В августе 1916 г. в «Биржевых ведомостях» появился есенинский рассказ «У белой воды». Очевидно, он был создан в том же 1915 г.: в июньском письме к В. Чернявскому Есенин сообщал, что пишет рассказы и два готовых понравились Каннегисеру, причем больше, чем следовало бы. Но он написал замечательный лирический рассказ. Уже первый абзац с частотностью слов с ударением на первом слоге, с лексическими повторами вовлекал читателя в ритмический поток. Герои – те же страстные натуры. Вот Палага: во всем ее теле как бы «переливалось молоко», «кровь в ней начинает закипать все больше и больше», «груди налились», «осторожно лаская себя, проводила по ним рукой», чувствовала «горячее дыхание Корнея, теплую влагу губ, и тело ее начинало ныть еще сильнее», «с томленого тела градом катился пот, рубаха прилипла к телу, а глаза мутились и ничего не видели», «сочная грудь». В «Яре» такой тяжелой чувственности нет, как нет и в лирике Есенина. Здесь он попробовал себя в чужой манере, и почему бы не предположить, что к ней его побудил «Серебряный голубь» – удивительный в контексте всего творчества Белого роман: в нем модернизм языка синтезирован с органичностью образов, к чему, собственно, и стремился Есенин. Откроем воспоминания И.И. Старцева: Есенин восхищался «плотскими судорогами рябой Матрены»[24]. Плотское томление Палаги очень похоже на эти «судороги»: Матрена – «ядреная», от руки столяра «колкие, жуткие в грудь проливаются струи, и нити от пальцев райским теплом и лаской переливаются в ее груди и подкатывают к горлу», «от поцелуев, объятий» Дарьяльского «растрепанное лицо дрожащими Матрена Семеновна оправляла руками», она казалась Дарьяльскому «чересчур жадной до грубых ласк» и т.п.

Совершенно иначе написан опубликованный в 1917 г. «Бобыль и Дружок» – маленький рассказ об одиноком старике и его собаке, умершей вслед за хозяином.

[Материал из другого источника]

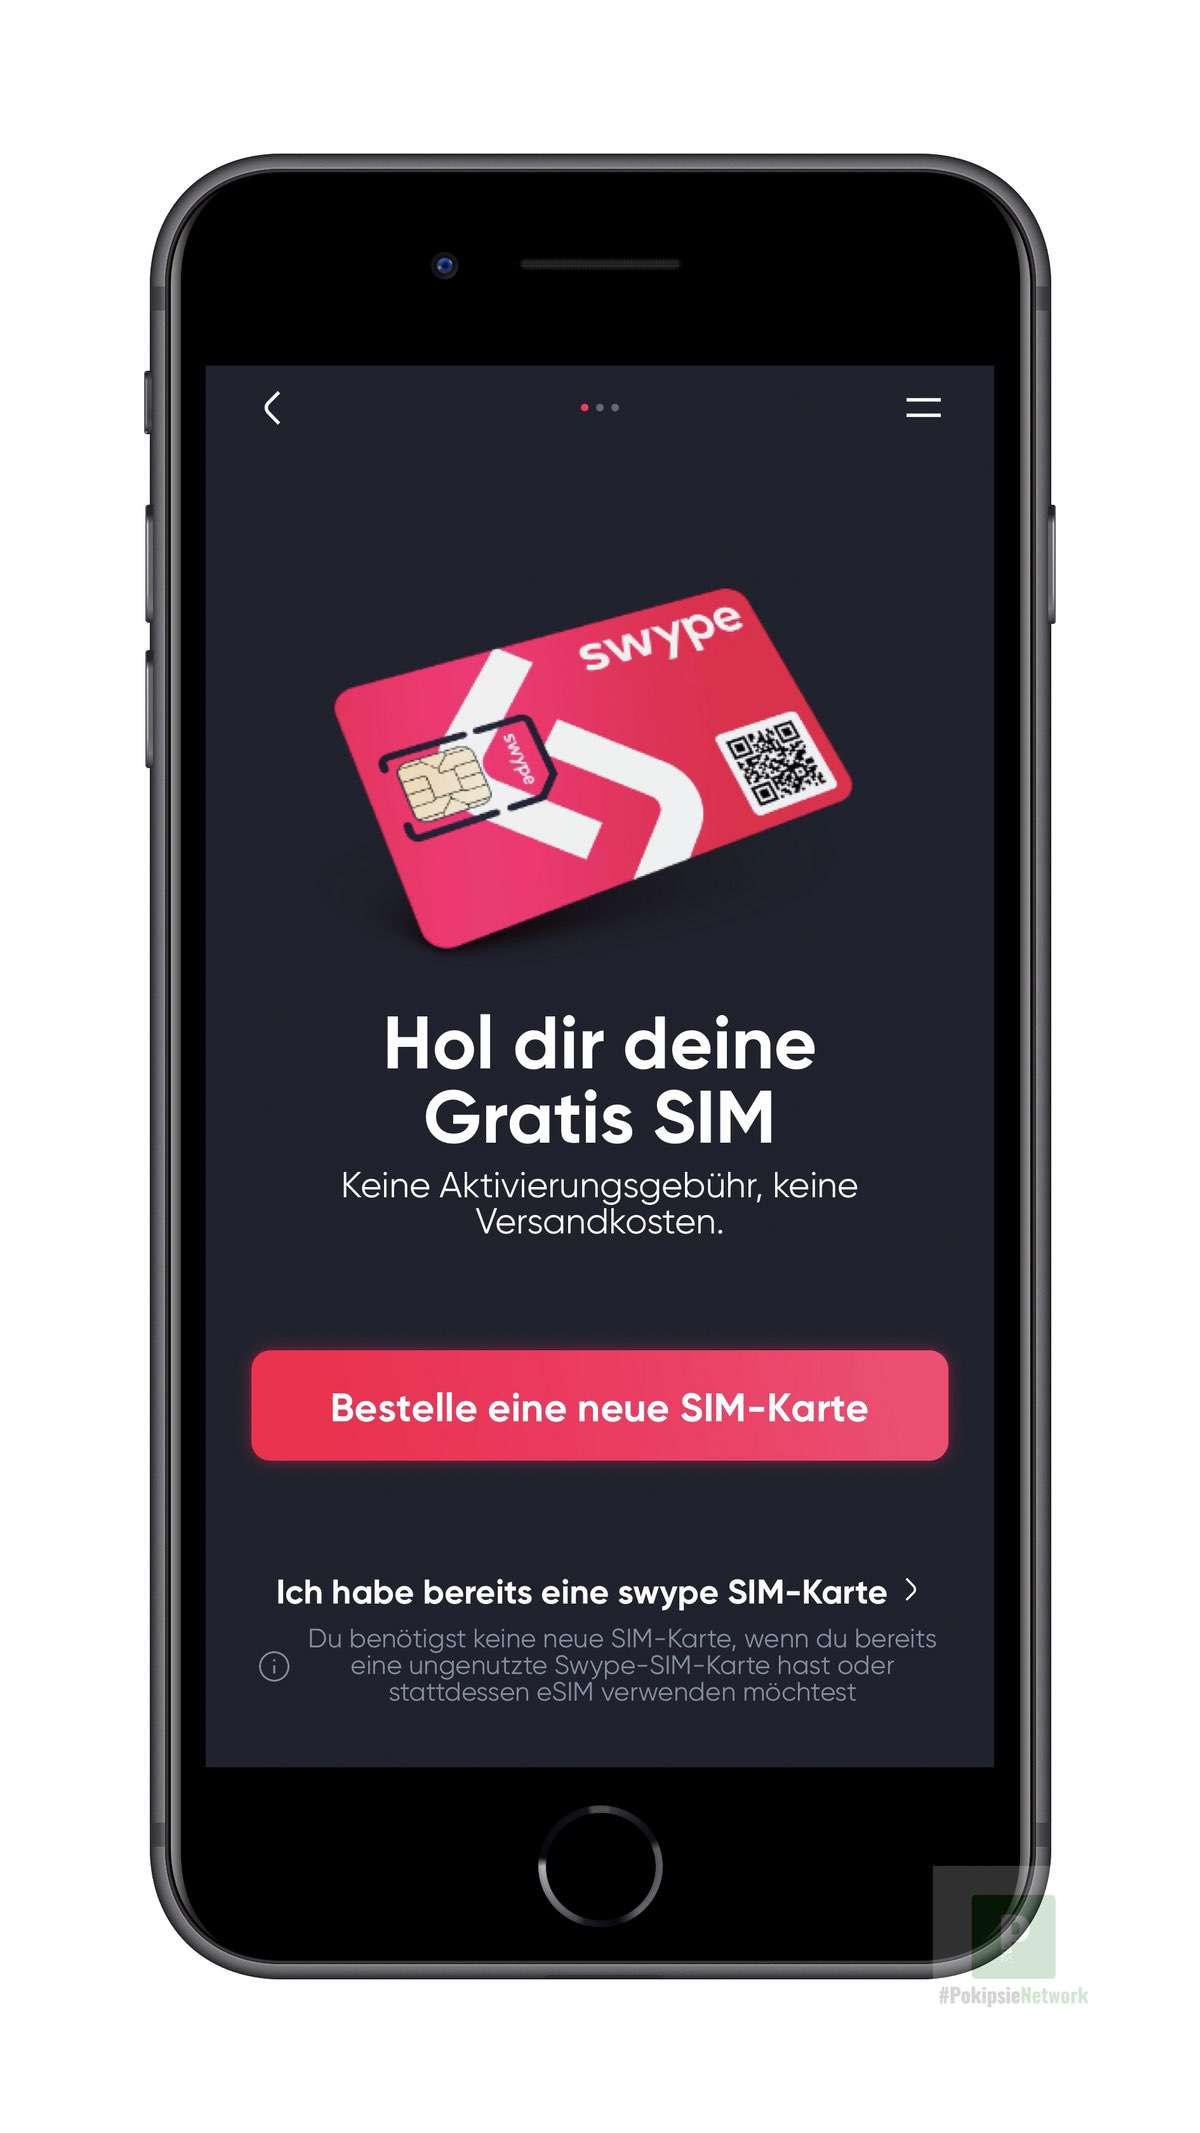 Hol dir deine Kostenlose SIM
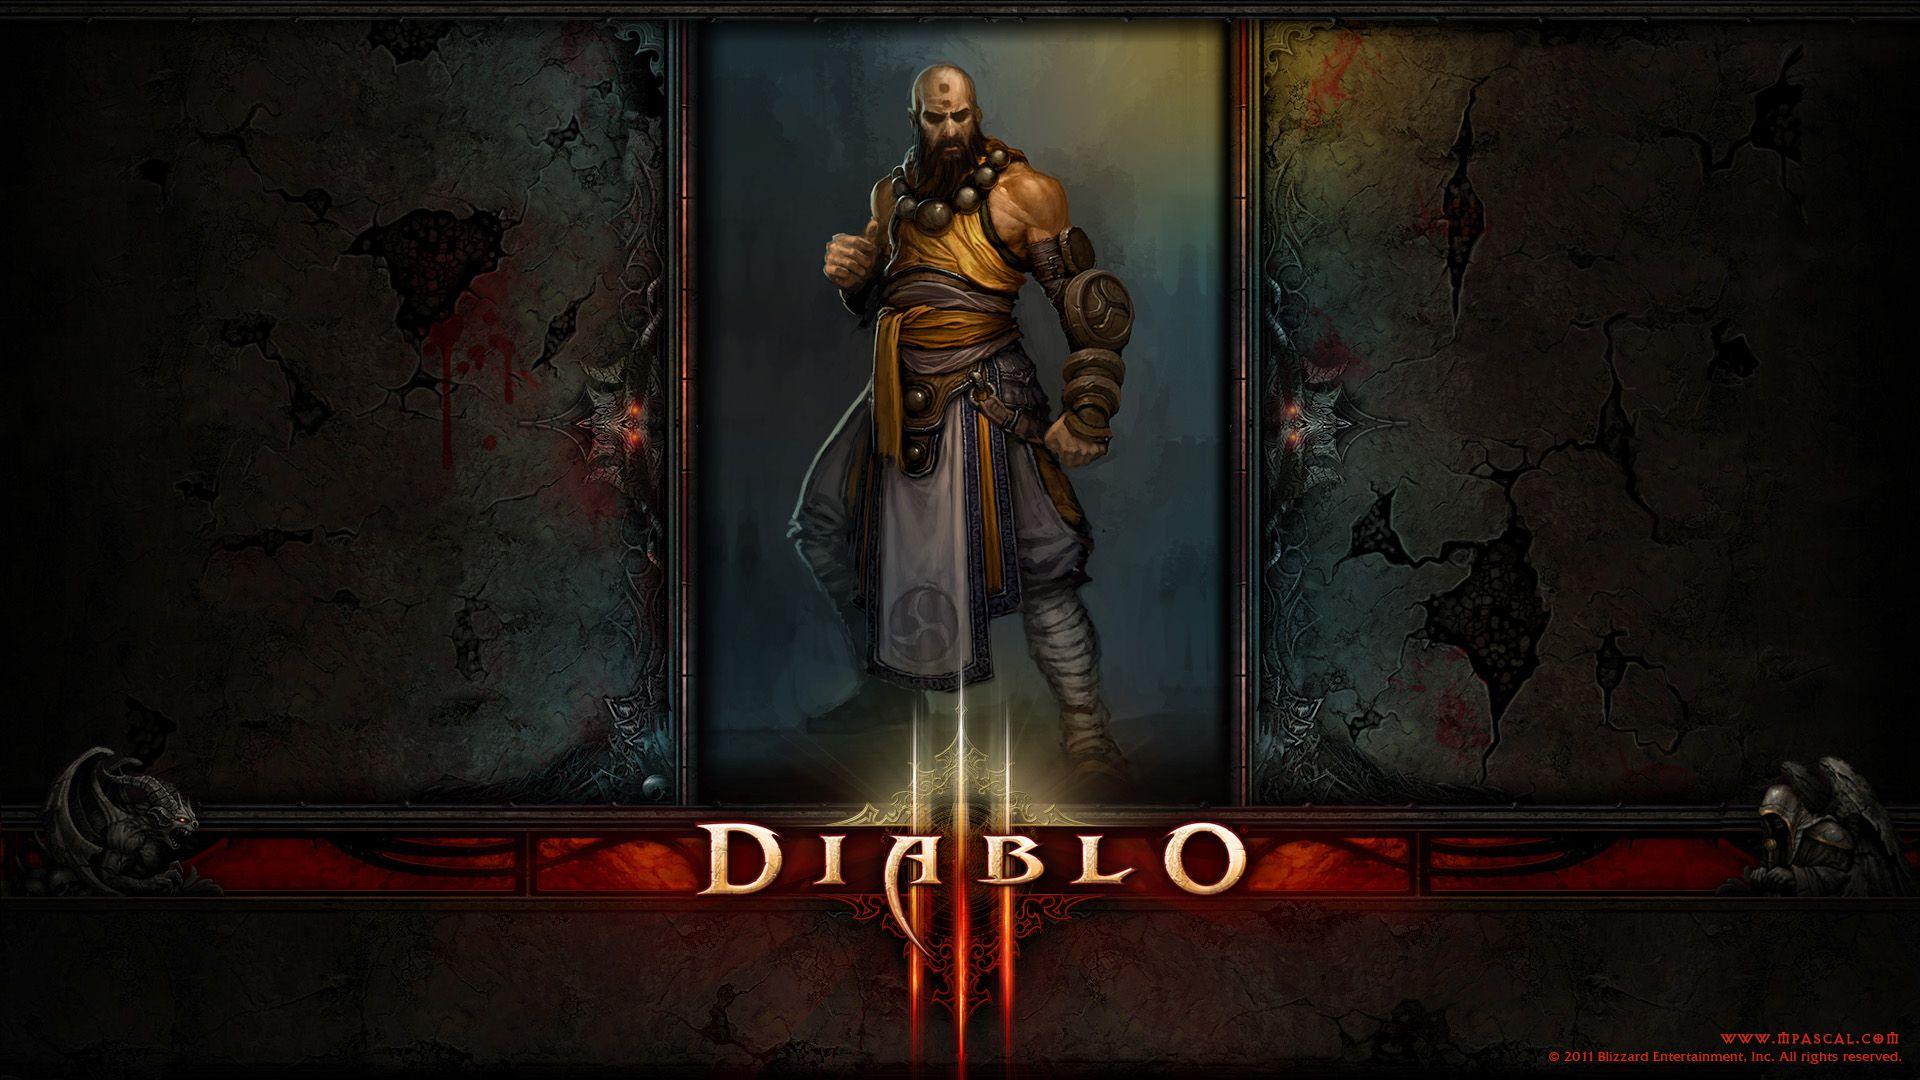 Diablo 3 Monk Wallpaper By Panperkin On Deviantart Diablo 3 Wallpaper Diablo Characters

В русской поэзии 1910-х гг. было стремление найти неглагольные формы сказуемости, глагол заменялся творительным падежом, имажинисты обозвали глагол аппендиксом[25]; П.Д. Успенский вообще в 1911 г. уверял, что с открытием новых пространственно-временных возможностей глагол в нашем языке неактуален[26]. Есенин же, напротив, опирался на поэтические возможности глагола, использованные в народной поэзии. Это глагольные повторы, задающие плачевую или сказовую интонацию; это череда глаголов с отрицанием (Бобыль «не встает, не слезает»); это перехваты («Подойдет Дружок, мертвеца обнюхает, – обнюхает, жалобно завоет», «Сговорились, пришли – увидали, увидали – назад отшатнулись»).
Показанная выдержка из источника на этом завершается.